• **TASK INSTRUCTIONS**: When you repeat the listing below, keep every word exactly and leave out each picture.

• **SUPPLIED DATA**:

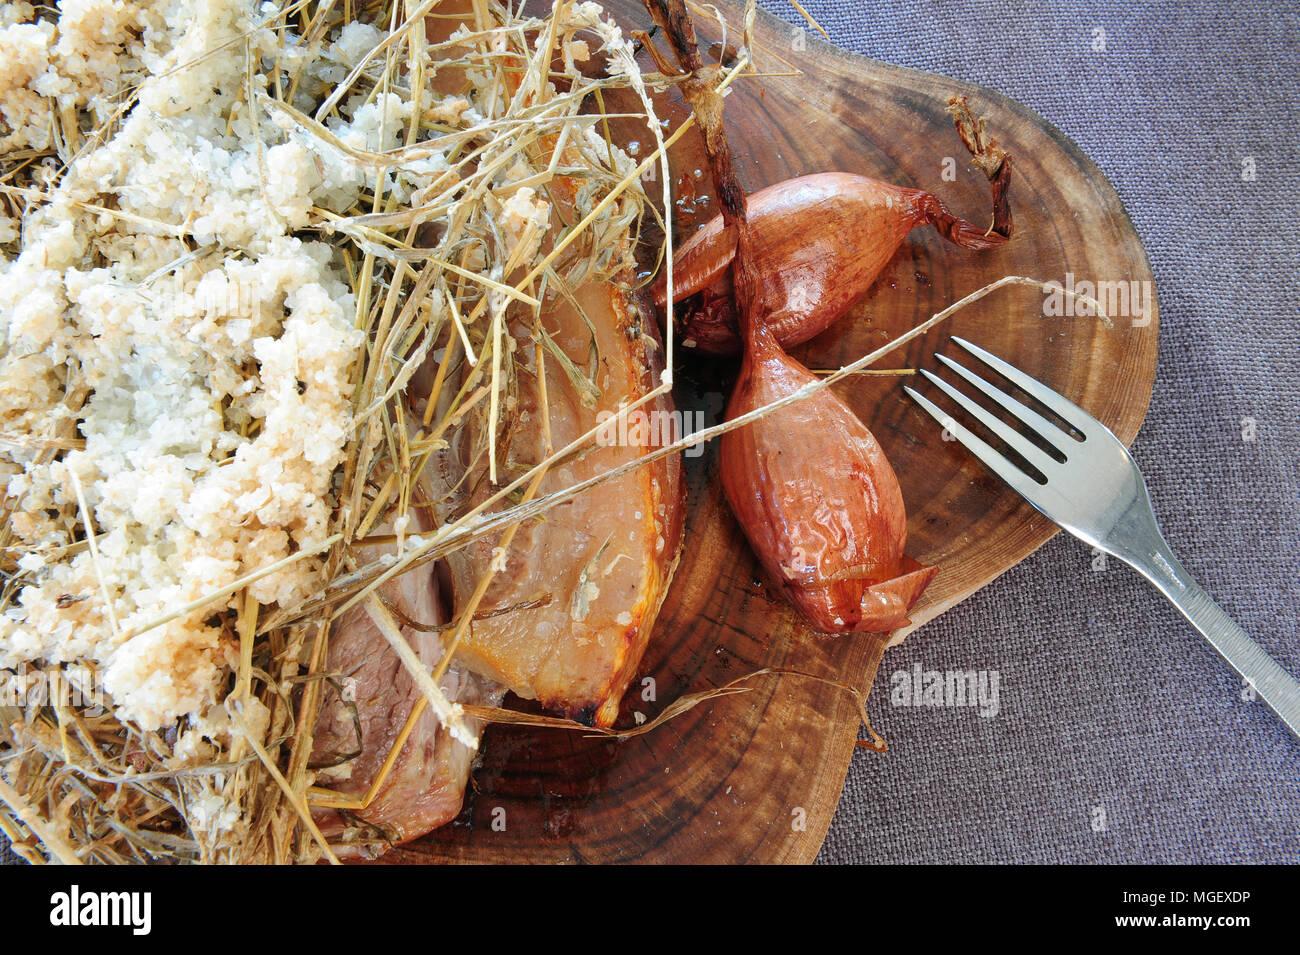 Caramelised Pork Chop With Cherrueix Shallots From La Table Du
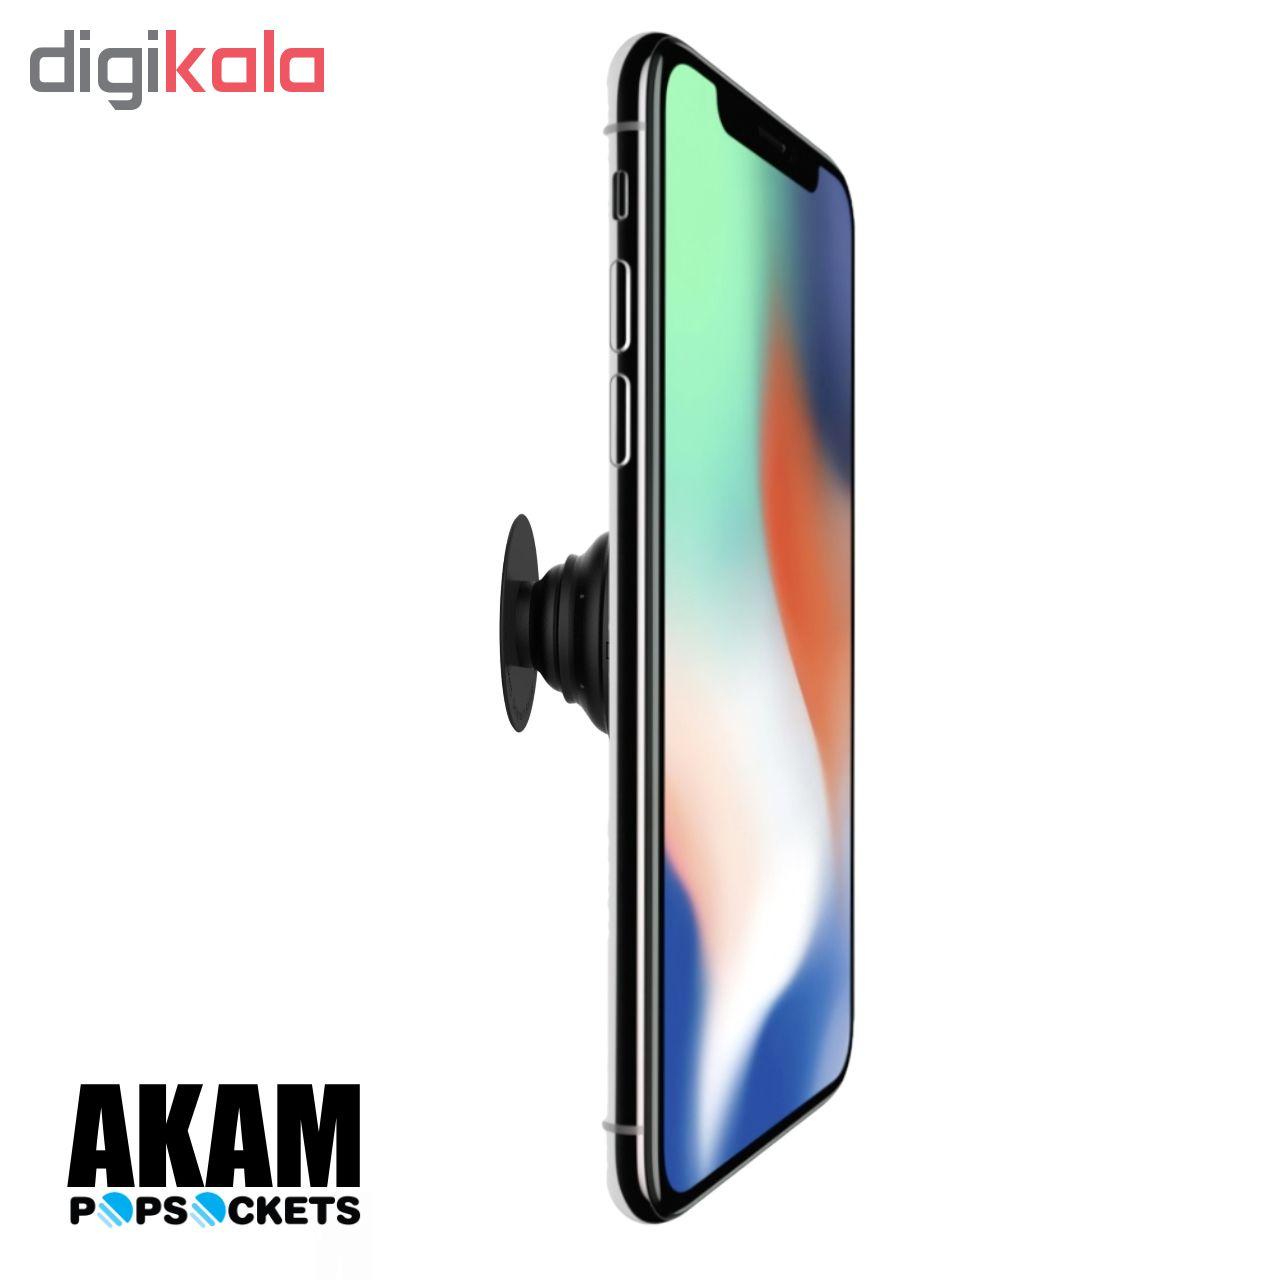 پایه نگهدارنده گوشی موبایل پاپ سوکت آکام مدل APS0191 main 1 10
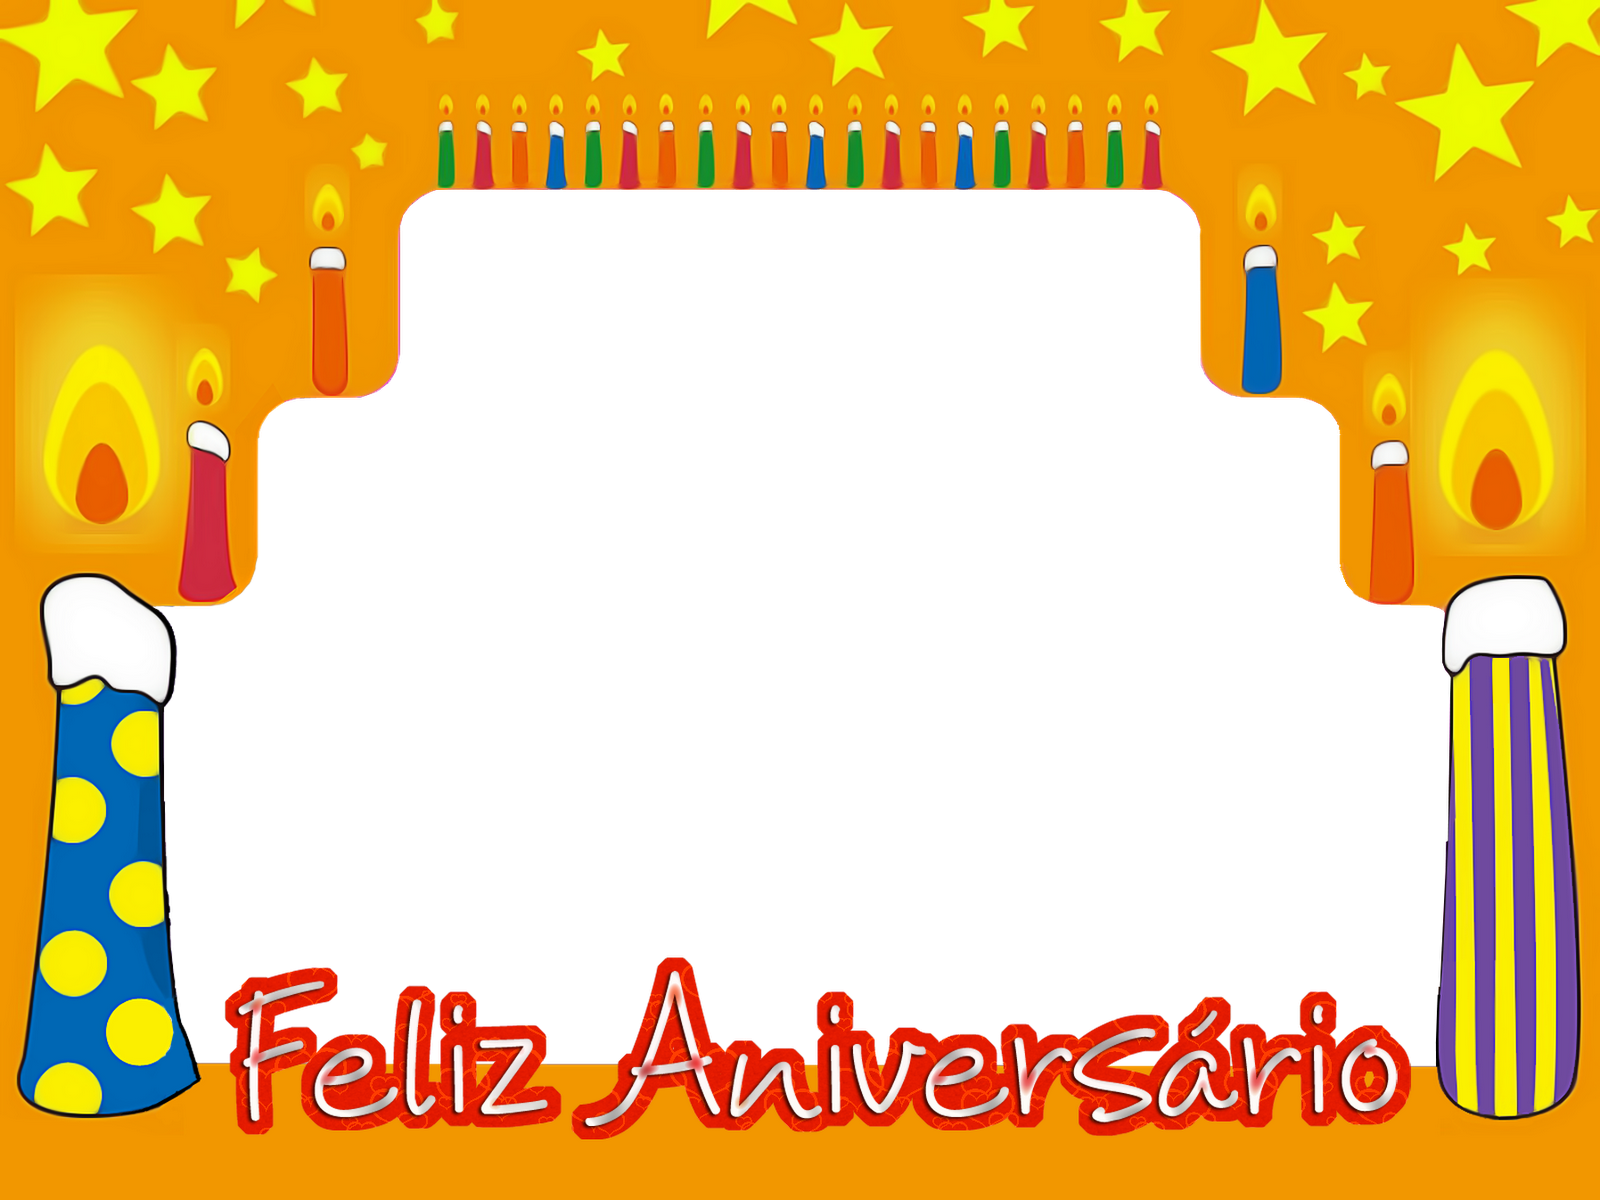 Feliz Aniversario Frases: Imagens - Imagens Feliz Aniversario
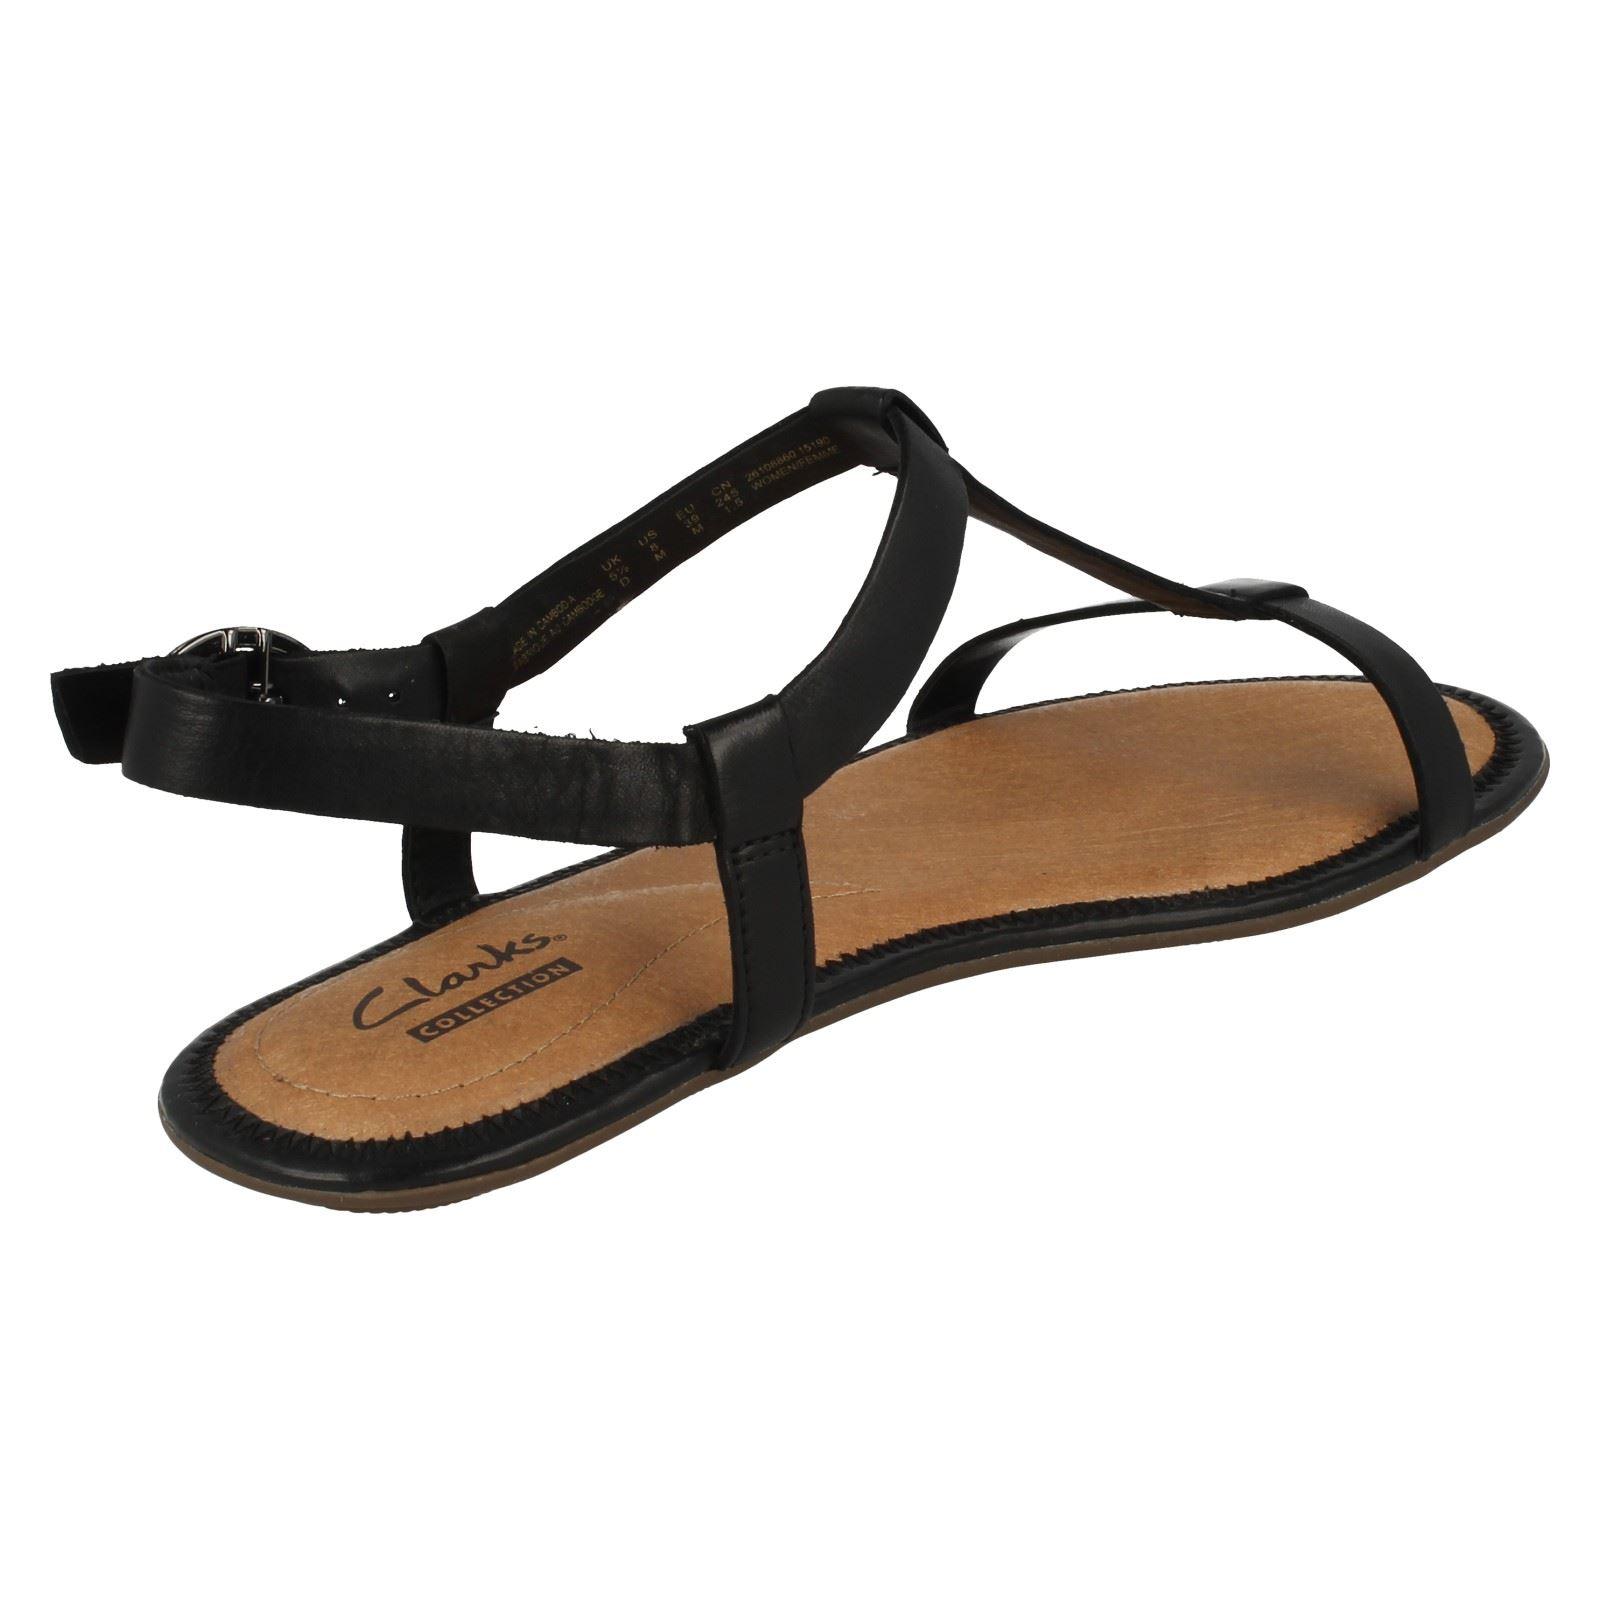 Ladies Clarks Strap Sandals Risi Hop Ebay

• **ANSWER FOR THE TASK**:
 Caramelised Pork Chop With Cherrueix Shallots From La Table Du
 پایه نگهدارنده گوشی موبایل پاپ سوکت آکام مدل APS0191 main 1 10
 Feliz Aniversario Frases: Imagens - Imagens Feliz Aniversario
 Ladies Clarks Strap Sandals Risi Hop Ebay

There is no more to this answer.